Sondrio Festival a Chiavenna
Dal 24 al 28 ottobre, i documentari di Sondrio Festival saranno proiettati al Cinema Victoria di Chiavenna
Programma delle proiezioni
Lunedì 24 ottobre, ore 21
(Zambezi – Thundering River: Source of Life)
di Michael Schlamberger – Produzione: ScienceVision per ORF Universum, Natural History Unit – Austria 2010 – Durata: 52 min. - Area trattata: Parchi Nazionali Kafue, Sioma Ngwezi e South Luangwa, Zambia
È uno dei fiumi meno conosciuti al mondo, eppure scorre per 2.600 km., attraversando sei nazioni, dalle
sorgenti sugli altopiani dello Zambia al vasto delta in Mozambico dove si getta nell’Oceano Indiano. Lo
Zambesi cambia frequentemente d’umore: a volte placido, si apre nelle vaste pianure alluvionali, in seguito
si trasforma in un torrente impetuoso che scava strette gole nelle rocce, poi ridiviene tranquillo prima di
precipitarsi nelle famose cascate Vittoria. Quella dello Zambesi è una storia di cambiamenti continui, di vita
e di morte: è la storia dell’Africa stessa.
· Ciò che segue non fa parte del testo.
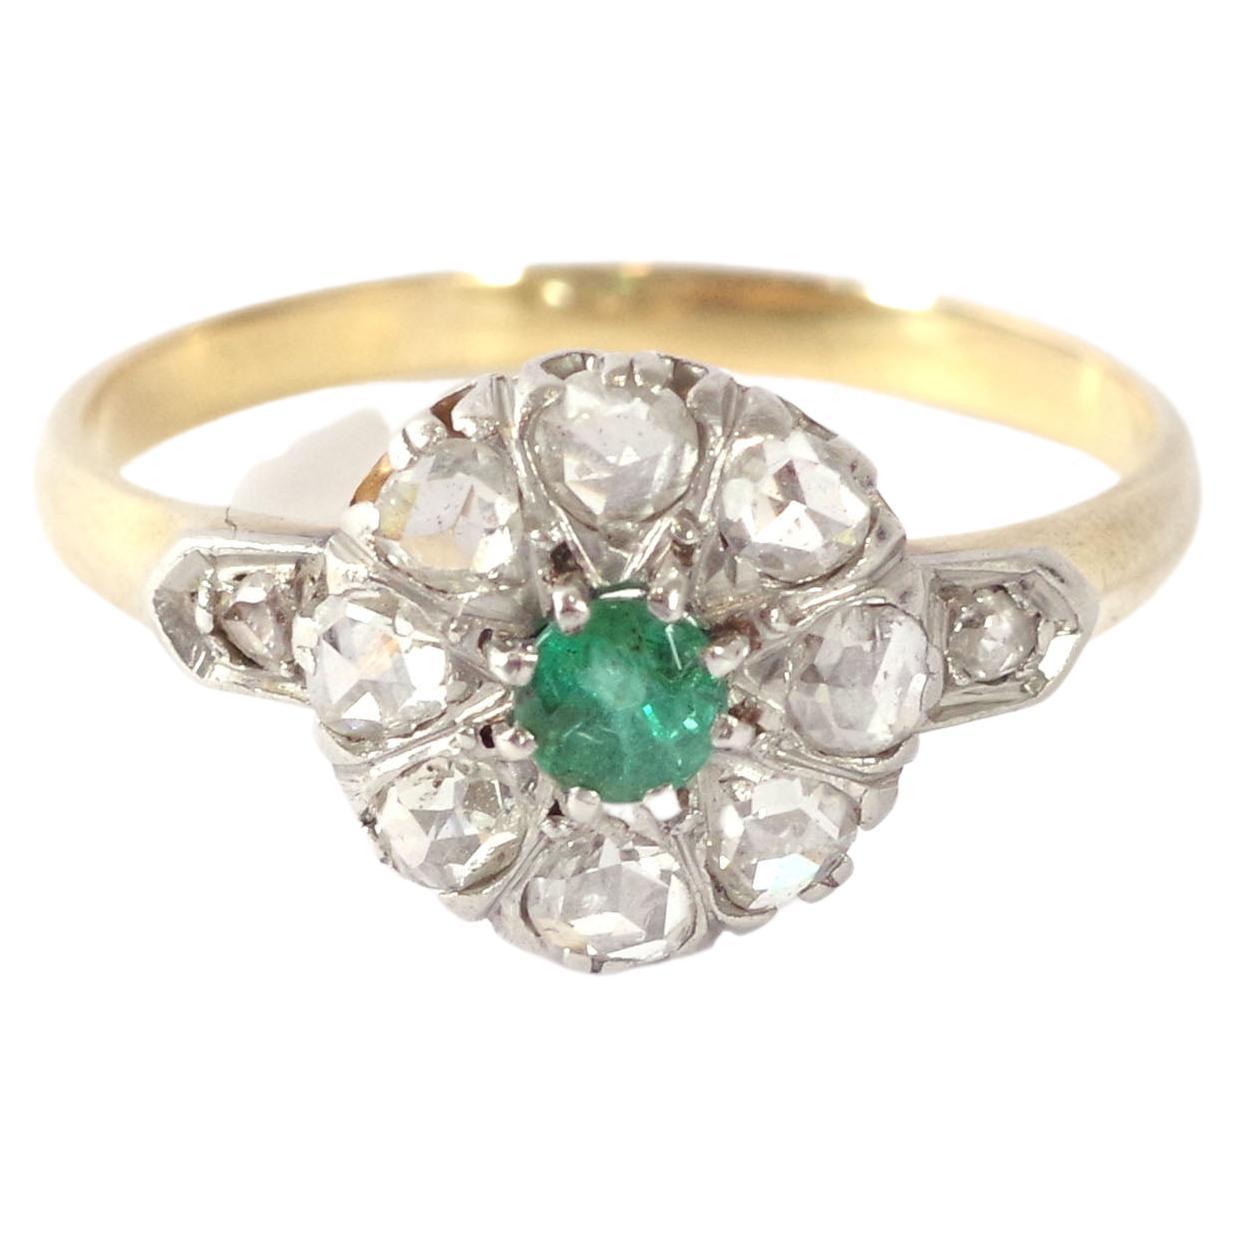 French cluster emerald ring in 18 karat pink gold and platinum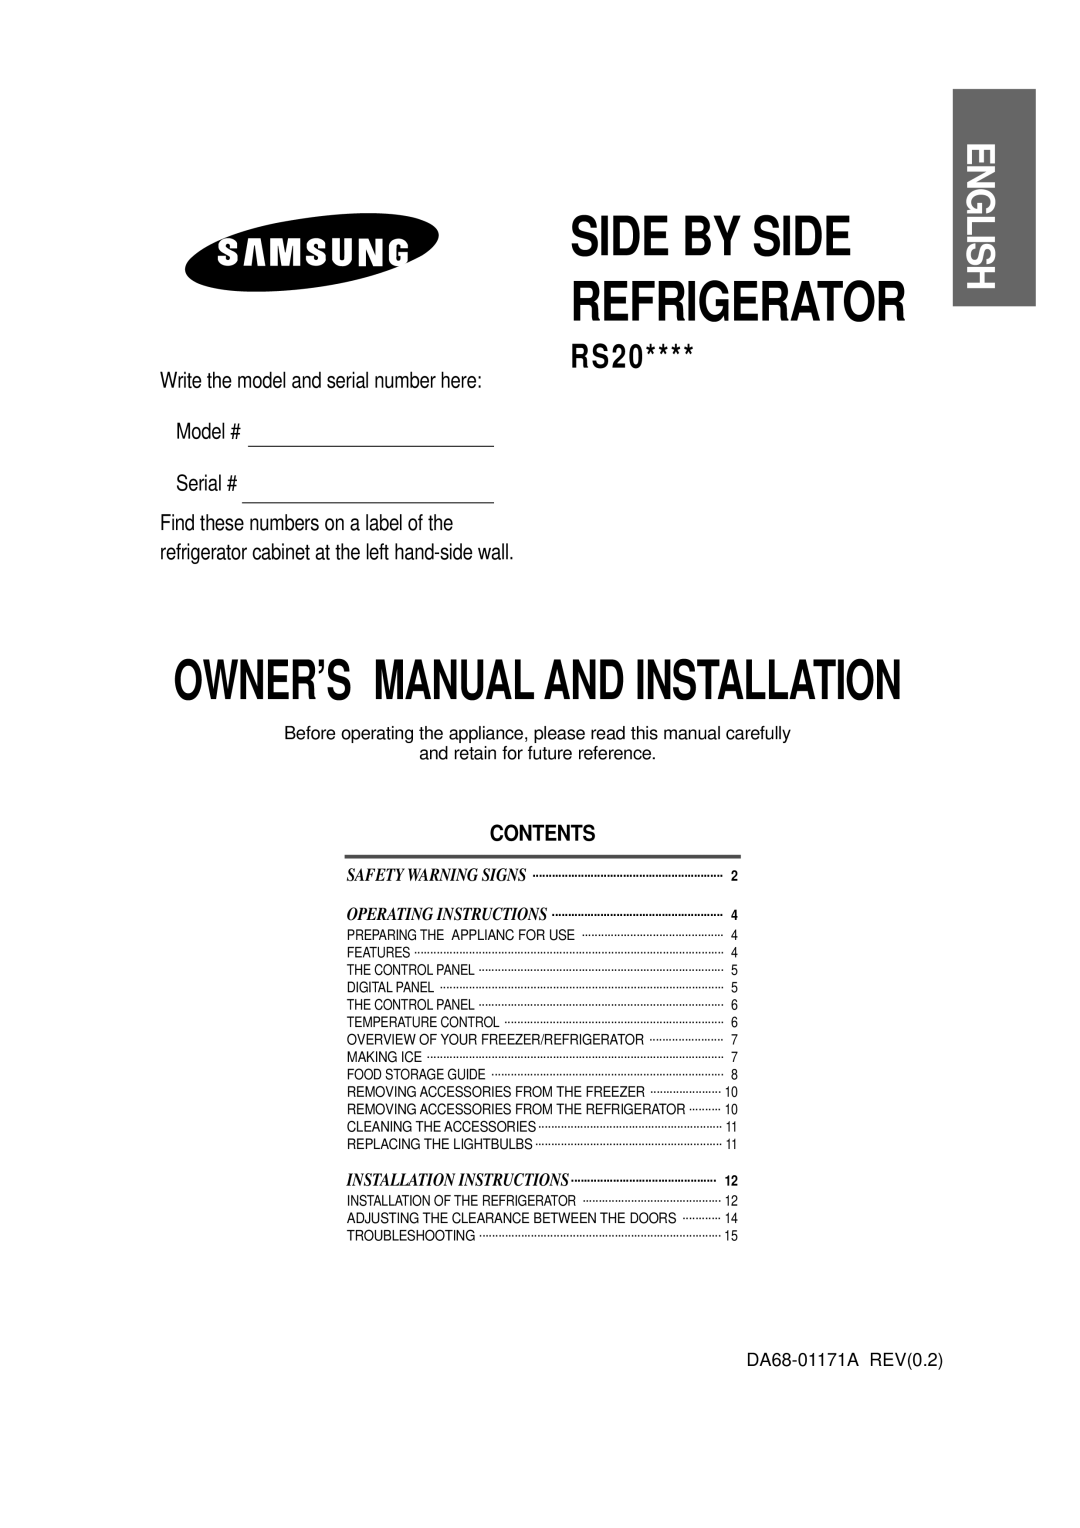 Samsung RS20 owner manual Contents, Side By Side Refrigerator, English, Write the model and serial number here Model #

di Valter Torri – Produzione: DocumentAria Film – Italia 2011 – Durata: 53 min. - Area trattata: Parco Regionale delle Alpi Apuane, Toscana, Italia
Premio del pubblico Sondrio Festival 2011
Nate dal mare, ancora oggi le Alpi Apuane mantengono con l’acqua un rapporto privilegiato e inscindibile. Originate milioni di anni fa a seguito dell’innalzamento di una barriera corallina, queste cime che sfiorano i 2.000 m. di altezza, sono caratterizzate da numerosi microclimi dovuti a una forte e costante umidità favorita dalla vicinanza del mare. In ogni stagione, l’acqua, nelle sue diverse forme, ricopre la superficie e penetra le viscere di questi rilievi, spesso fuoriuscendo dai ripidi pendi con fiumi e impressionanti cascate. Una così elevata umidità consente la vita di numerose specie animali e vegetali che si sono adattate ad un ambiente severo ma delicato, sempre più minacciato dall’ormai insostenibile attività di estrazione del marmo.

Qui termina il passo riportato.